Около трех месяцев назад – 15 июня 1982 года, чтобы быть точной, – я начала вновь писать «Дом на берегу лагуны». Меня никогда не прельщала роль Пенелопы, которая постоянно откладывала исполнение собственных намерений.

Несколько лет назад я нервно заполняла страницу за страницей, которые мне потом стоило большого труда расшифровать, – такой неуверенной в себе я была. Потом я исписала сотни страниц уже в более спокойном состоянии на портативной машинке «Смит Корона», которую купила тайком от Кинтина. Я сама не знала, что пишу – роман, дневник или хаотические заметки, которые никогда не закончу, потому что все время боялась, что их обнаружит Кинтин. А когда родился Вилли, я вообще спрятала рукопись и за несколько лет не написала ни слова.

Когда мы с Кинтином вернулись из Бостона после того, как Мануэль закончил университет, я потихоньку достала рукопись и попыталась нацарапать несколько абзацев, но скоро пришла в отчаяние. Это было все равно что пешком пересекать пустыню. Стоило мне выбрать направление, я чувствовала на себе инквизиторский взгляд Кинтина, и все уходило от меня, как вода в песок. Я забывала, где родились мои родители, каковы были их чаяния и надежды, какими были родители Кинтина; я забывала даже собственное имя, дату и место своего рождения. Однажды Вилли увидел, как я сижу за машинкой и плачу. Он подошел ко мне и сказал, что я не должна бояться, я должна продолжать писать, ведь искусство – это единственное, что может спасти мир.

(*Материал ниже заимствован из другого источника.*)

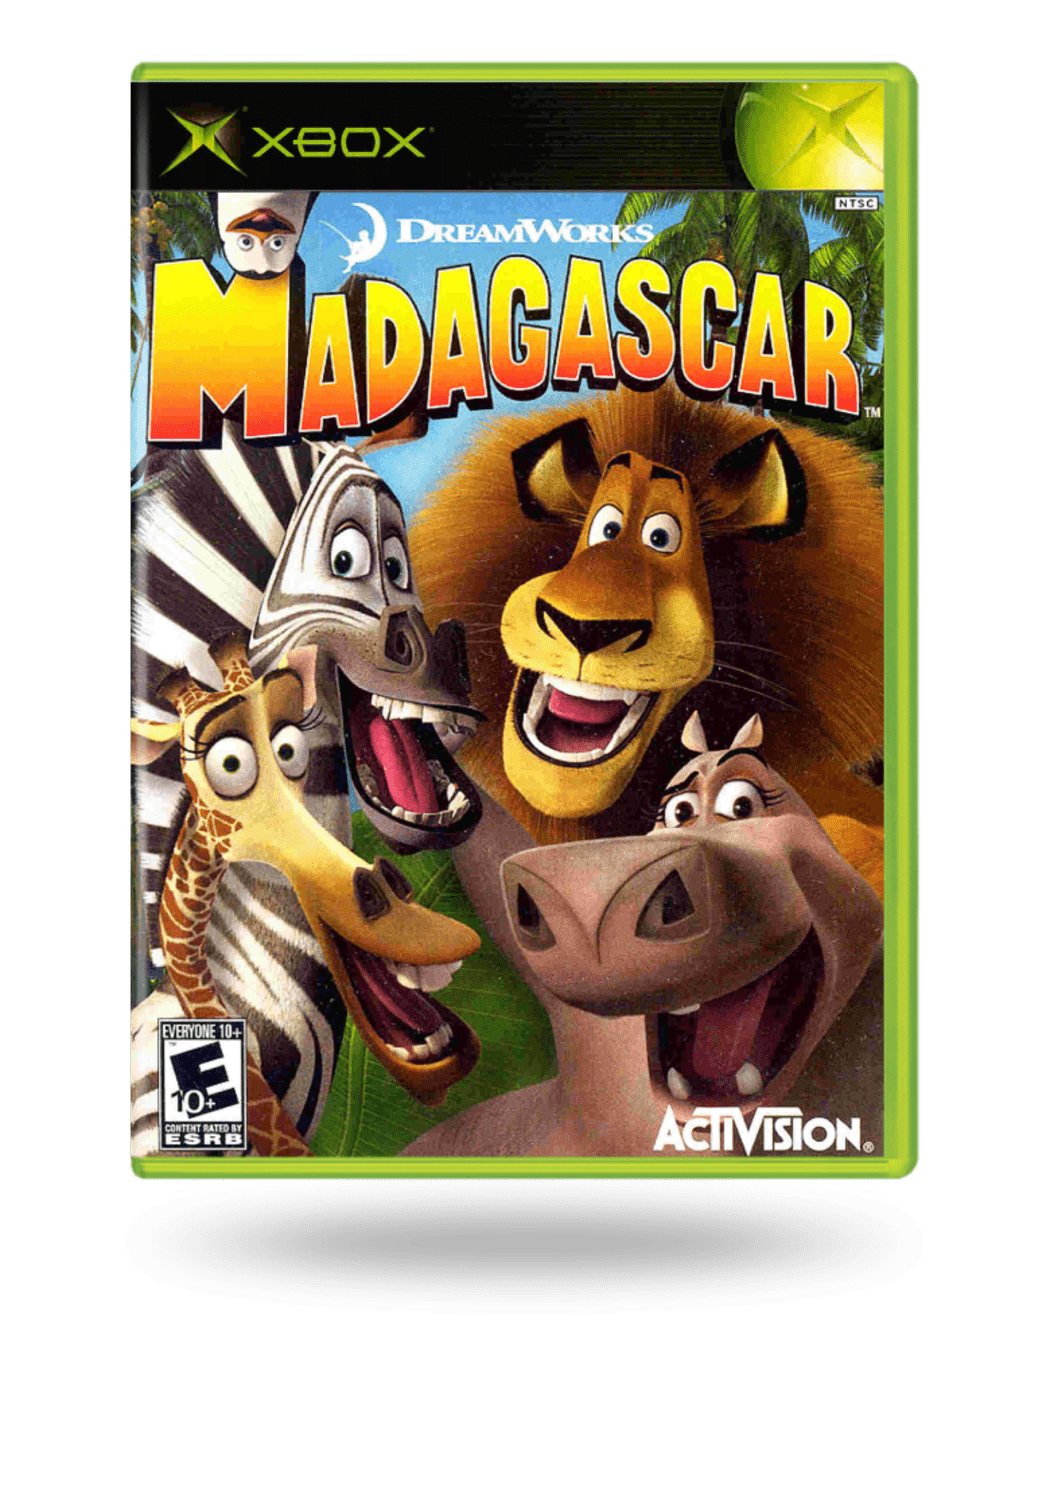 Madagascar: Escape 2 Africa (Xbox 360) Full HD - 1080

С помощью Вилли я и написала остальные страницы.

Вилли родился в 1966-м, и его появление в доме было похоже на дуновение свежего ветра в раскрытые окна. Понятие «любимый ребенок» – вещь очень зыбкая. Мануэль был мой старший сын, и я глубоко любила его; сознание того, что я могу опереться на его крепкое плечо, приносило мне громадное успокоение. Но Вилли, несмотря на то что в нем не было моей крови, разбудил во мне нежность особого рода. Я глубоко верю в значение имен и думаю даже, что порой именно они определяют судьбу. Когда мы рождаемся, родители выбирают нам имена вслепую, но постепенно, накапливая жизненный опыт, мы наполняем их содержанием, вдыхаем в них собственные, присущие нам качества. Исабель, например, имя, которое соответствует написанию, – внутри него будто содержится меч правосудия, потому что большая буква I похожа на меч; Кинтин – имя хрупкое, в нем слышится отказ от прошлых обещаний и неоправданные ожидания на будущее; Мануэль – это имя Христа, того, кого называли Иммануил, «несущий надежду»; Вилли – имя невинности, и названный так человек навсегда сохранит невинной свою душу.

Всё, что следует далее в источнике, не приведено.